# Separating E. uatuman eggsack



## Madeline (Mar 28, 2005)

We have an E. uatuman eggsack that is 2nd in-star and I statred separating it tonight. I think there will be about 125 spiderlings.
One of the pictures is of me seperating the sack and the other picture is of the sack.


----------



## Mattyb (Mar 28, 2005)

Wow that is cool. How old are you? Are those all your Ts?



-Mattyb


----------



## anderstd (Mar 28, 2005)

Looks like you had your work cut out for you. Hope you had some fun.


----------



## shogun804 (Mar 28, 2005)

very cool pics :clap: , hope you had fun  looks like a lot of work...


----------



## Blasphemy (Mar 28, 2005)

Mattyb said:
			
		

> Wow that is cool. How old are you? Are those all your Ts?
> 
> 
> 
> -Mattyb


 I was thinking the same thing until I read her profile and it states that Botar is her stepdad, so that about explains things. Nice pics


----------



## evil_educator (Mar 28, 2005)

yeah lol. now i know..


----------



## Mattyb (Mar 28, 2005)

Blasphemy said:
			
		

> I was thinking the same thing until I read her profile and it states that Botar is her stepdad, so that about explains things. Nice pics




Ahhh i see, thanks for pointing that out for me. Lucky her huh ;P 



-Mattyb


----------



## Botar (Mar 29, 2005)

Mattyb said:
			
		

> Lucky her huh ;P
> 
> 
> 
> -Mattyb


I'm not sure how lucky she feels, but she's a lot of help.  Her two sisters help out a lot too.  Her brother isn't really old enough to do much with the spiders yet, but he likes to "work" with the roaches and he puts shipping boxes together for me sometimes.  All in all, a good bunch of kids... I think I'll keep them.

Botar


----------



## Rob1985 (Mar 29, 2005)

WOW!!!!! That is quite an extensive lab ya got goin' on there BOTAR!!!!!!!  :worship:  :worship:  That is what my room is gonna look like here before long!!!!!!!! :}


----------



## Aviculariinae (Mar 29, 2005)

Hi,
Nice sweat shop 
Better get on too social welfare,can,t believe you are into child labour LOL ;-)

Is that a nike sign in the background


----------



## WhyTeDraGon (Mar 29, 2005)

Madeline said:
			
		

> We have an E. uatuman eggsack that is 2nd in-star and I statred separating it tonight.
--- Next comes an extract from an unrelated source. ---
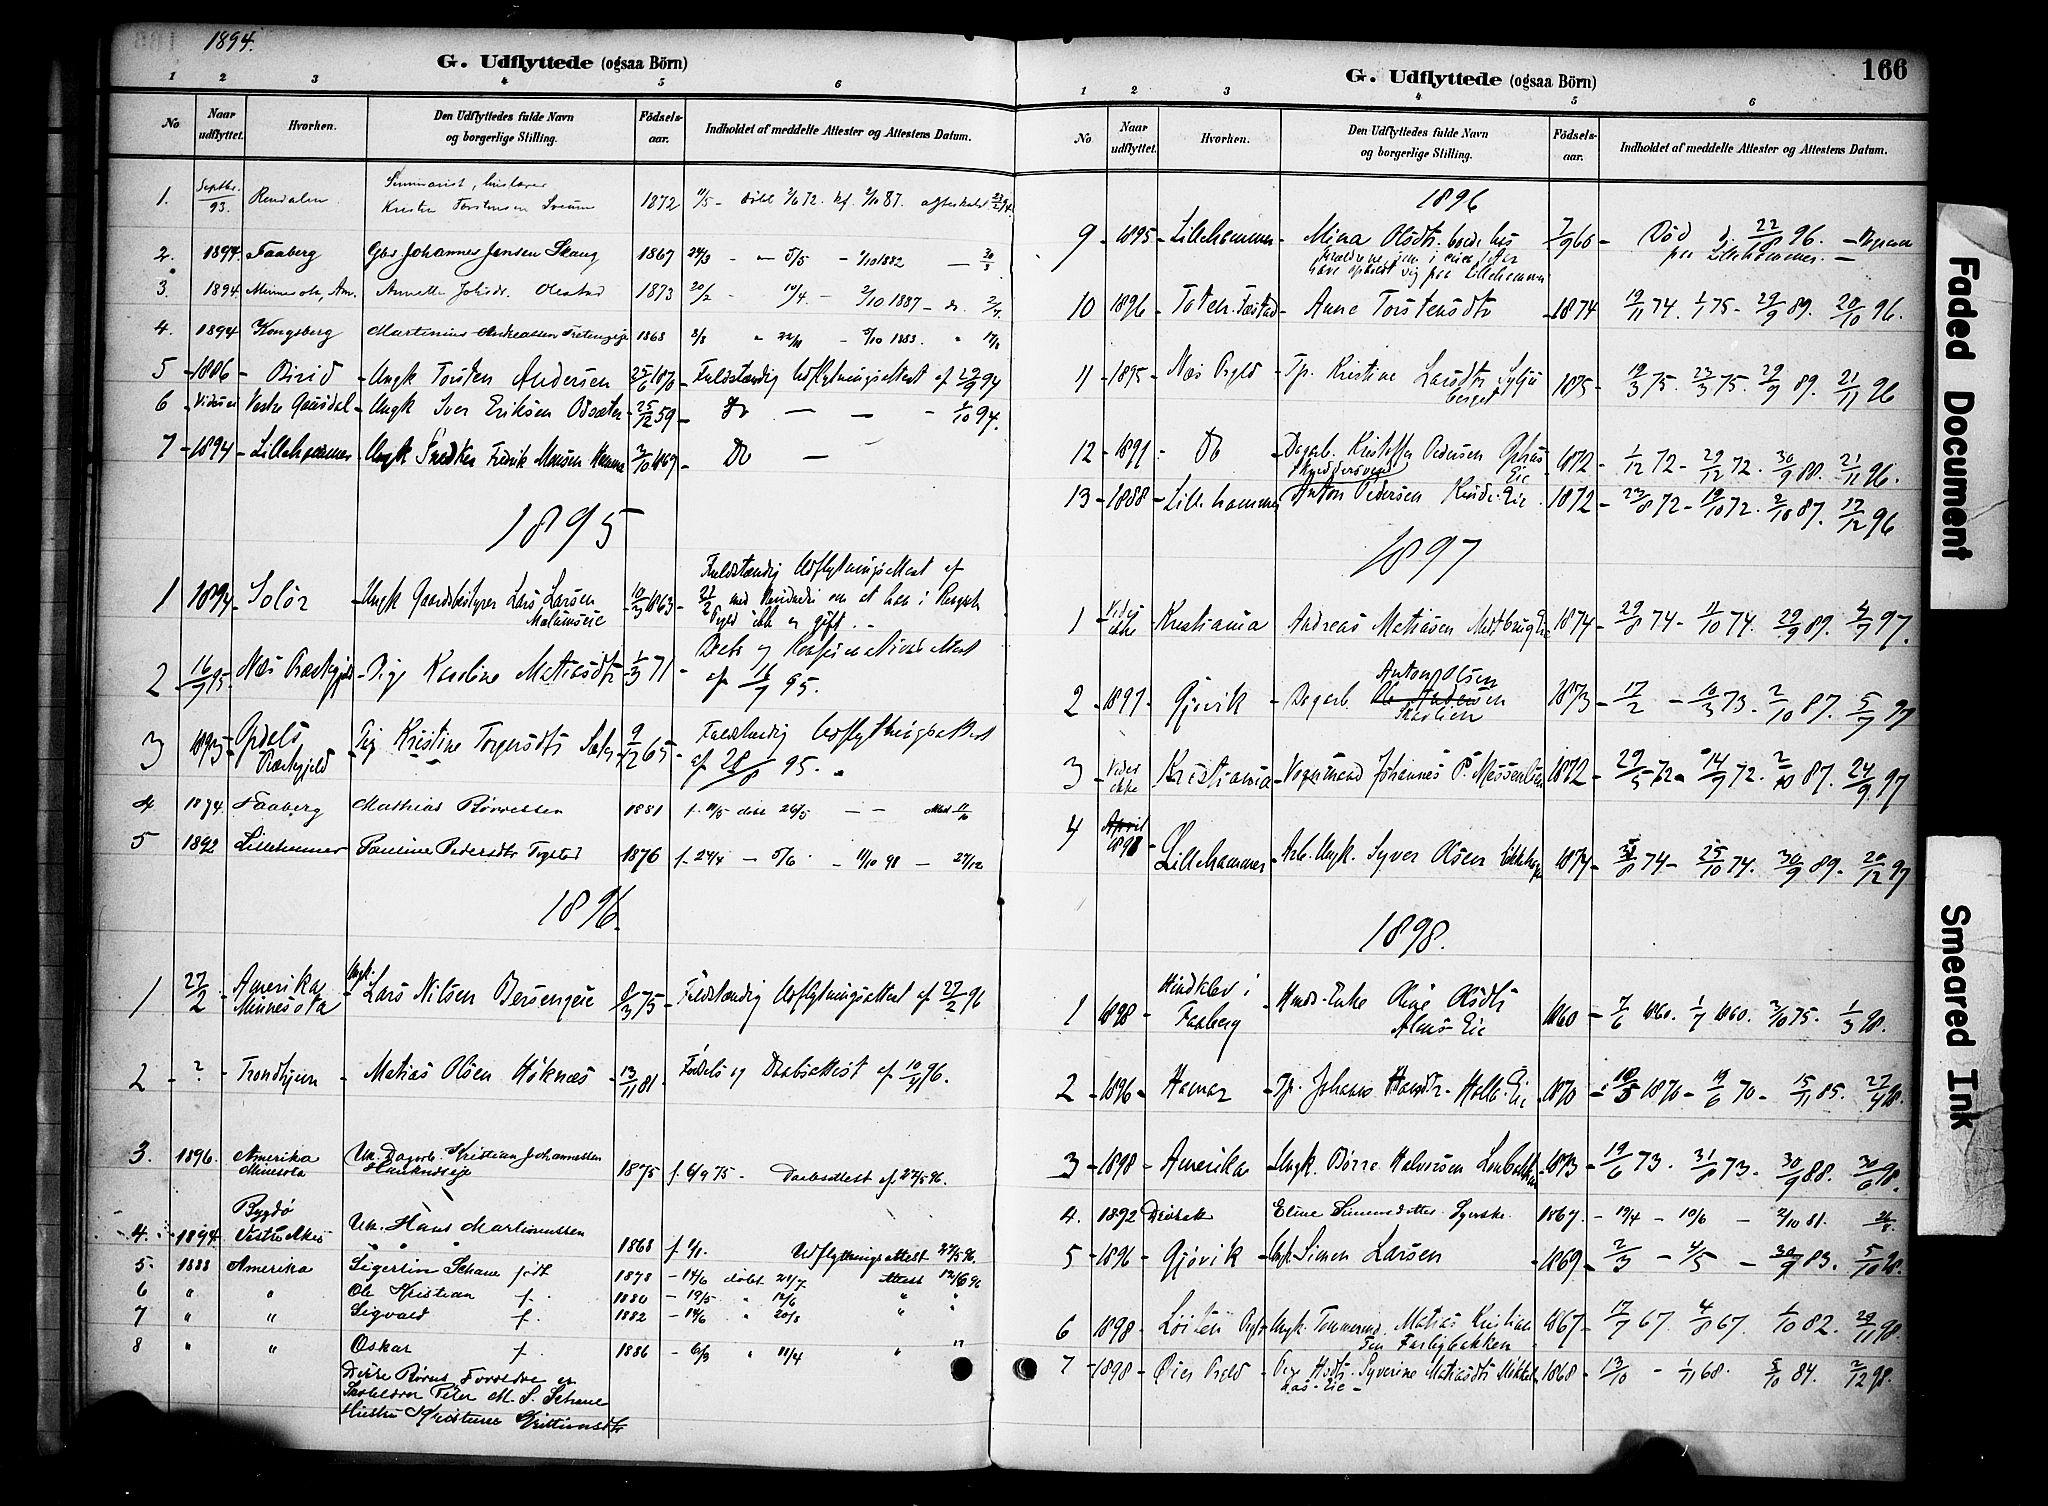 SAH, Ringsaker prestekontor, K/Ka/L0015: Ministerialbok nr. 15, 1891-1904, s. 166

I think there will be about 125 spiderlings.
> One of the pictures is of me seperating the sack and the other picture is of the sack.
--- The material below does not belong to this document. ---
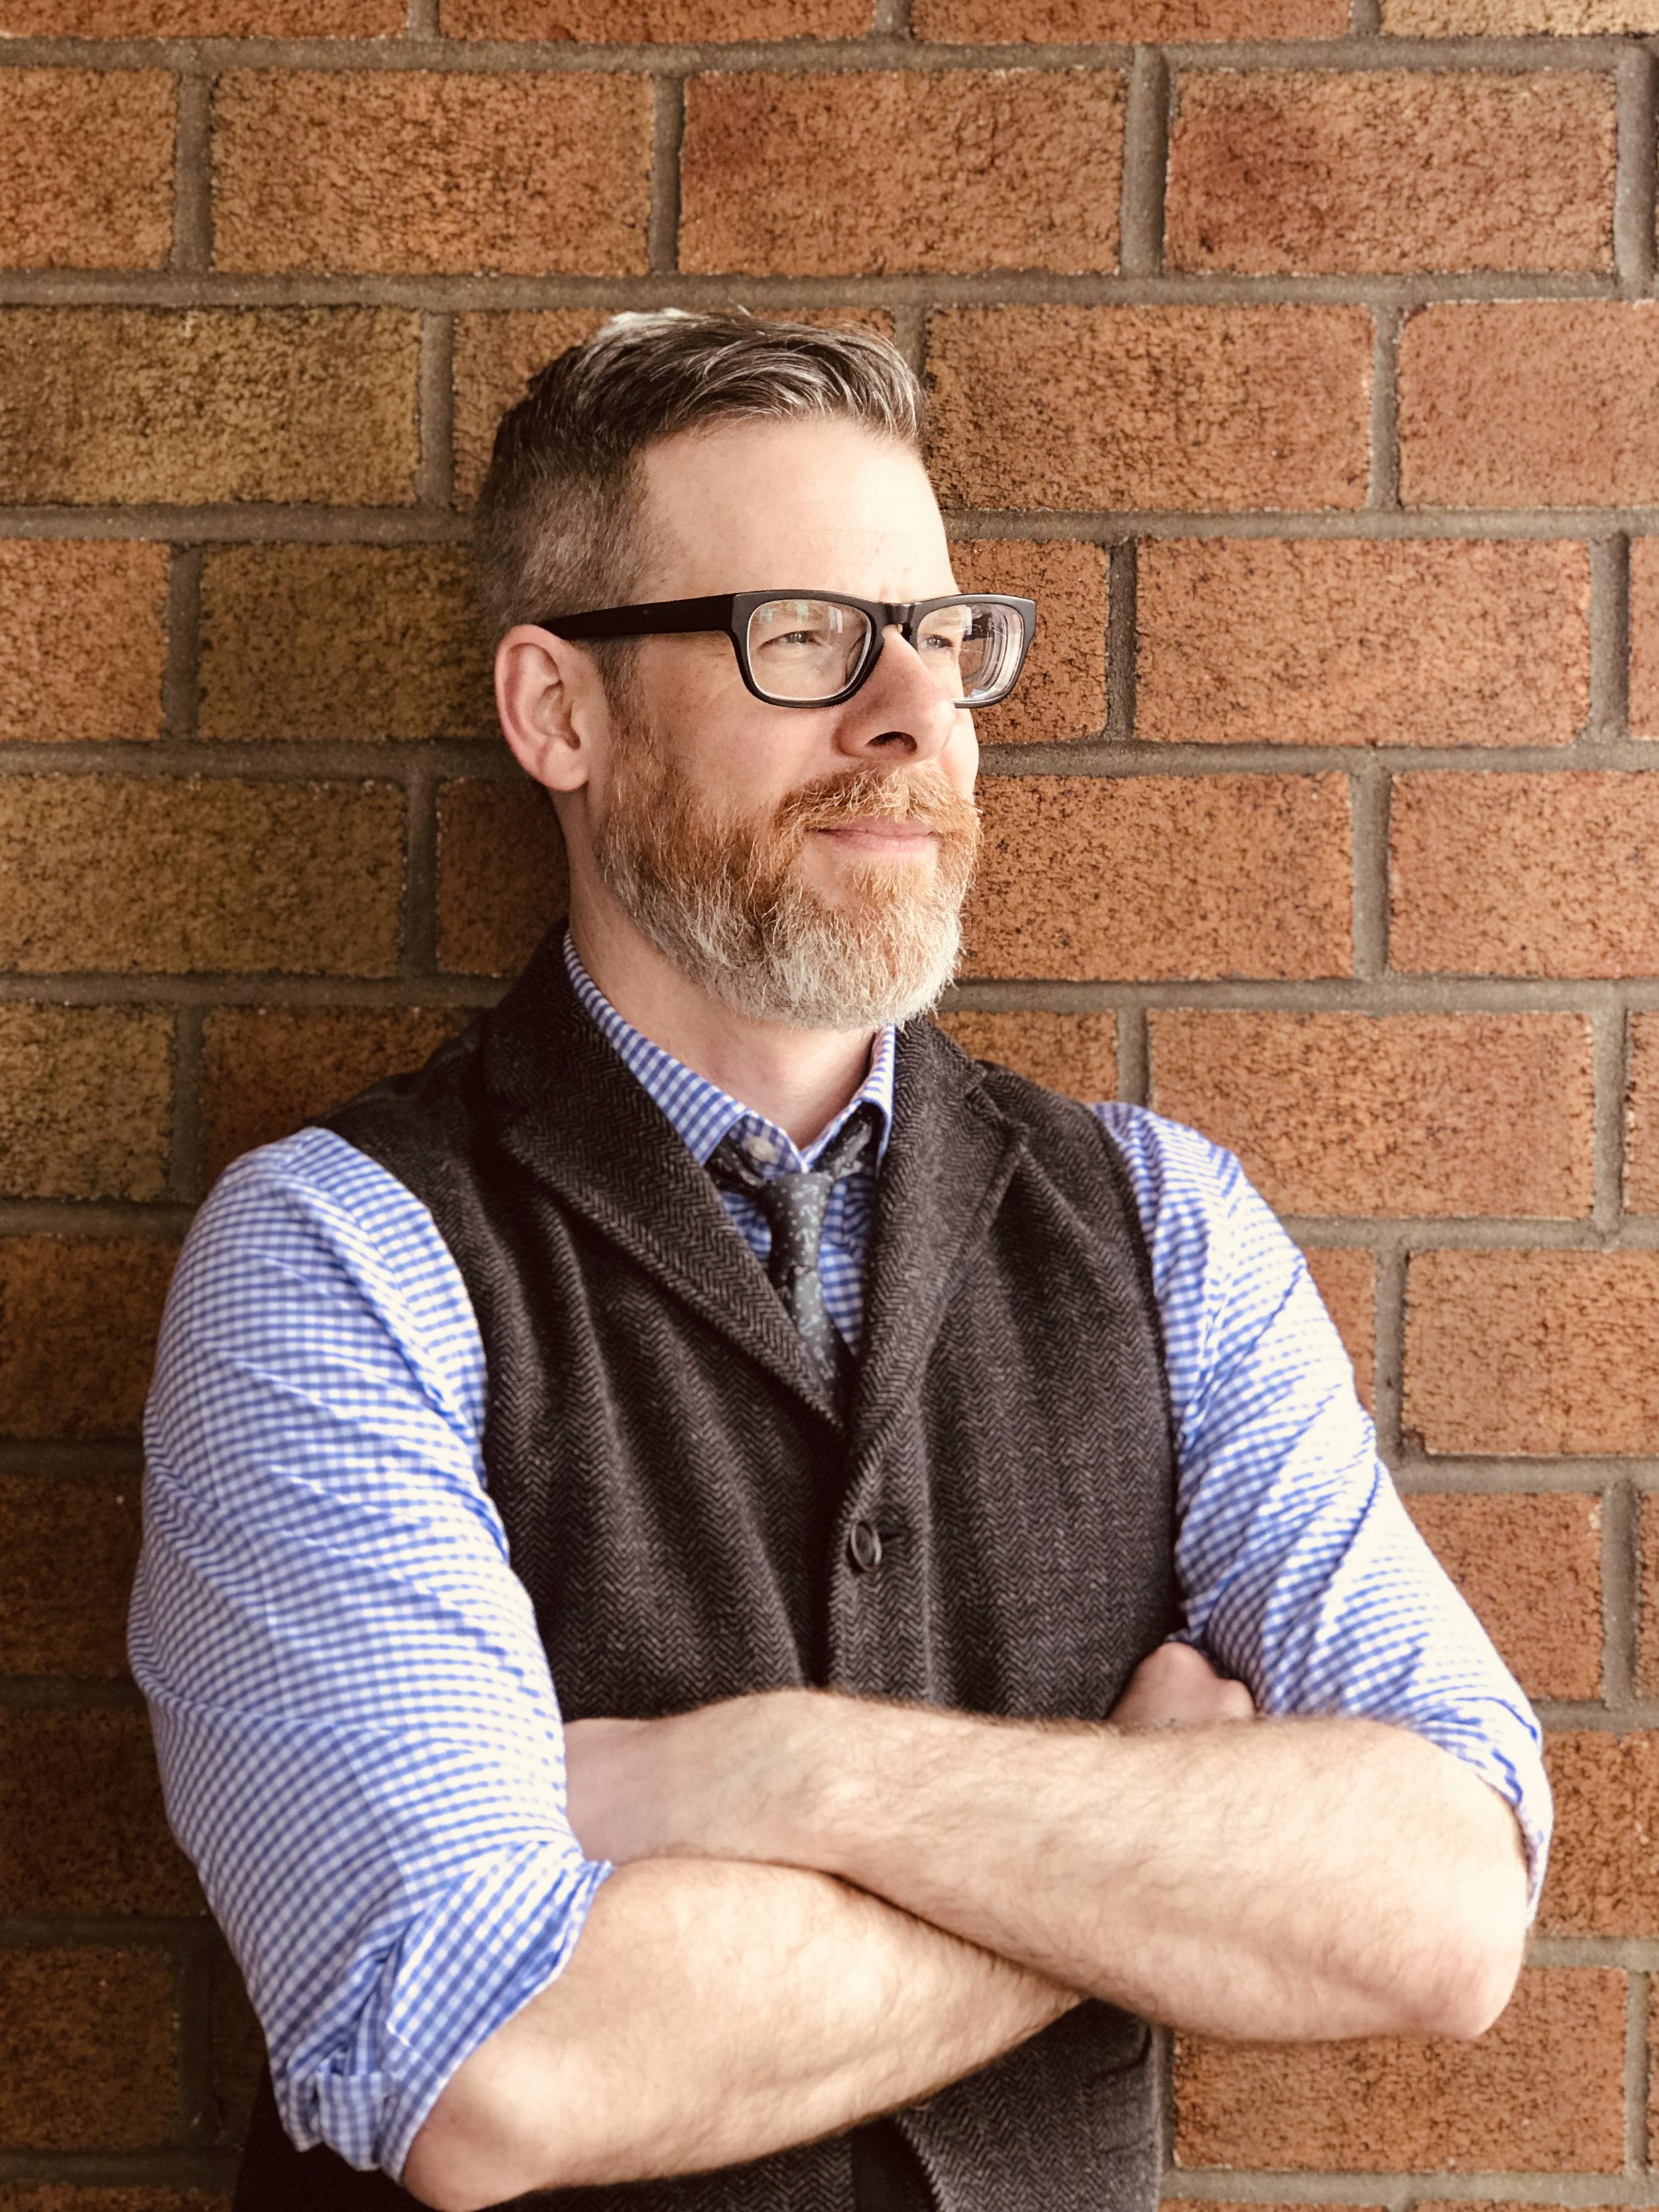 Cody_Author Pic.jpg

ahhhh, they're climbing all over your shirt!


----------



## tosik (Mar 29, 2005)

it congratulates !! I  will commit on Saturday uatuman  I hope that all will be oky


----------



## Botar (Mar 29, 2005)

Aviculariinae said:
			
		

> Hi,
> Nice sweat shop
> Better get on too social welfare,can,t believe you are into child labour LOL ;-)
> 
> Is that a nike sign in the background


You think the age is bad, you should see their hourly wages.    There is a fairly decent benefits package that includes tuition incentives... more like directives.

Botar


----------



## Steve (Mar 29, 2005)

Hi Madeline,

could you please post a picture from the female(mother of the slings)?

Cheers,
Steffen


----------



## jbrd (Mar 29, 2005)

now theres a big collection of T's, did you all see the shelves? how many do you have?


----------



## Deschain (Mar 29, 2005)

Botar...do you have any pics of your whole T room posted anywhere on the boards? If you do, could you please post a link...and if not, is there any chance you could post some in the future?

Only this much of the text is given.